Writing the decode functions is simple - we just need to translate every individual ID to the respective string it encodes:
vocab = { idx: bytes([idx]) for idx in range(256) }
for (p0, p1), idx in merges.items():
vocab[idx] = vocab[p0] + vocab[p1]
def decode(ids):
tokens = b"".join(vocab[idx] for idx in ids)
return tokens.decode("utf-8", errors="replace")
print(decode([104, 101, 108, 108, 111, 32, 301, 108, 100, 33]))
hello world!
The encode function is a bit harder and happens in an iterative way:
def encode(text):
token_ids = list(text.encode("utf-8"))
while len(tokens) >= 2:
counts = get_token_pair_counts(token_ids)

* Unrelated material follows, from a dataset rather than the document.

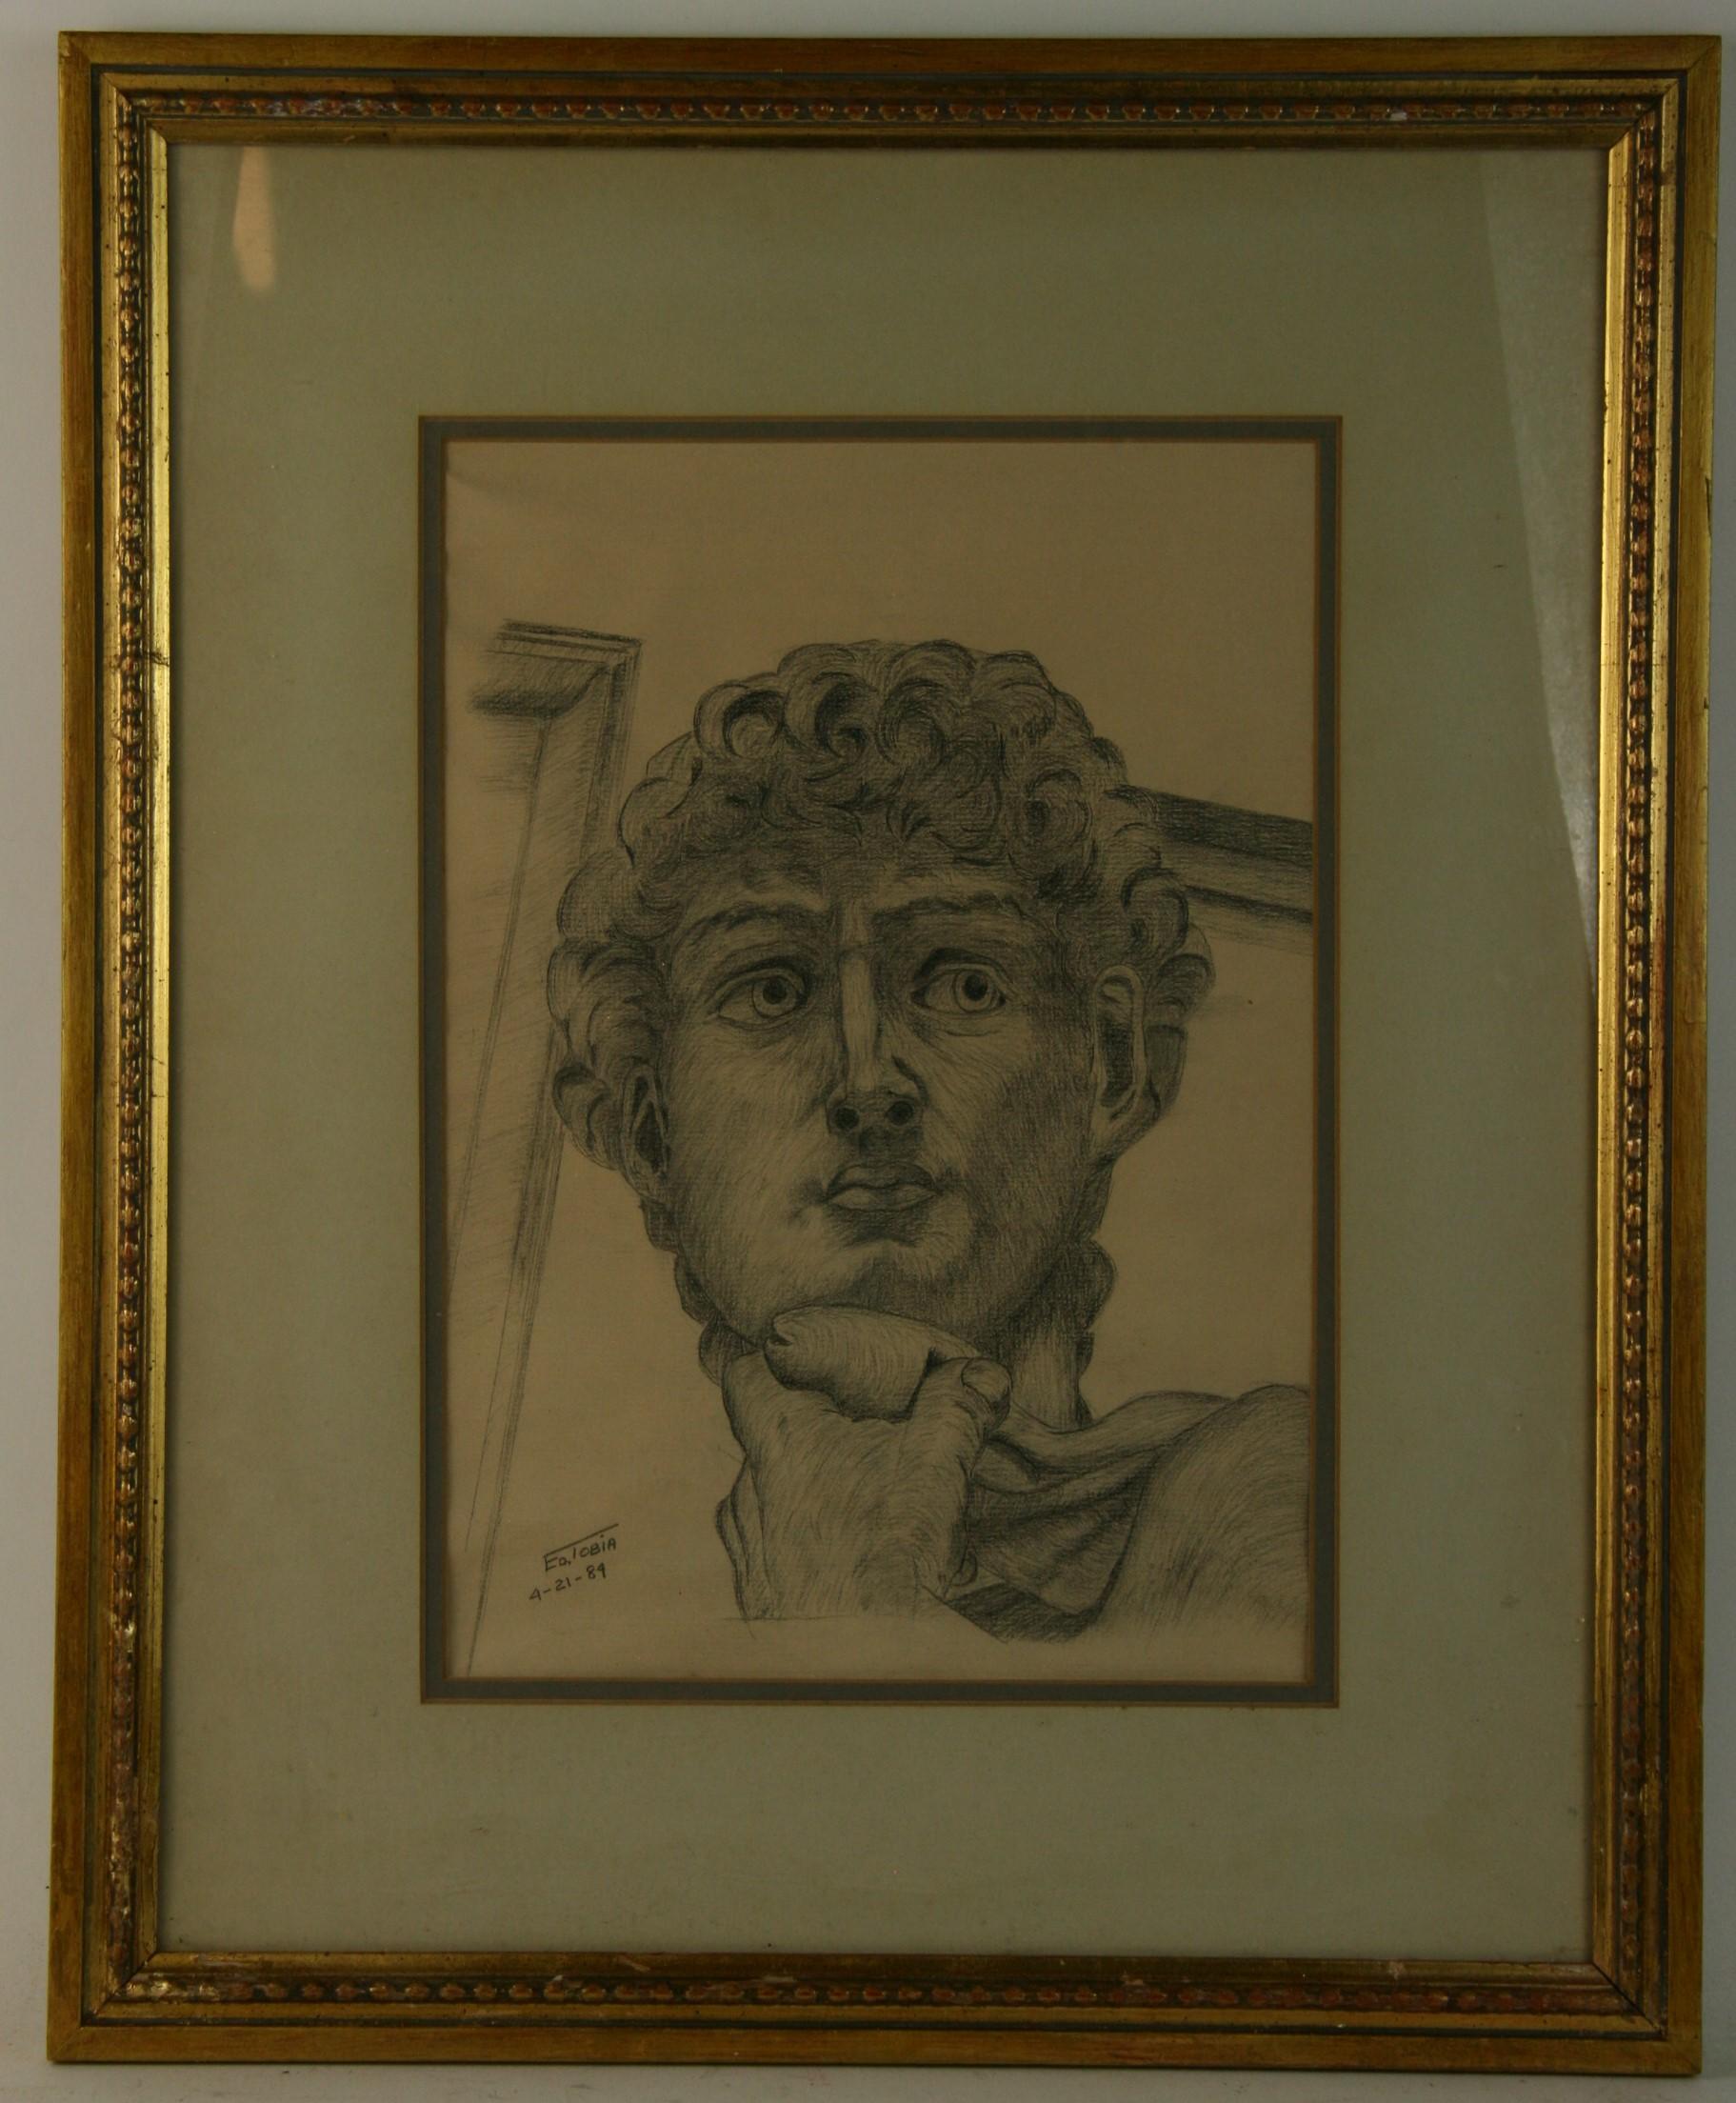 Vintage Classical Italian Charcoal Drawing of Michelangelo's David - Art by E.Tobia

pair = min(counts, key=lambda p: merges.get(p, float("inf")))
if pair not in merges:
break
idx = merges[pair]
token_ids = merge(token_ids, pair, idx)
return token_ids
print(encode("hello world!"))
[104, 101, 108, 108, 111, 32, 301, 108, 100, 33]
Final Notes#
Note that the tokenizer is conceptually distinct from the rest of the LLM. It often uses its own training set, which may differ from that of the LLM, to train its vocabulary using the BPE algorithm.
The tokenizer’s role is to translate between text and numbers. The LLM only processes numbers and never interacts directly with the text. In theory, once the text is translated into numerical form, the original text could be discarded.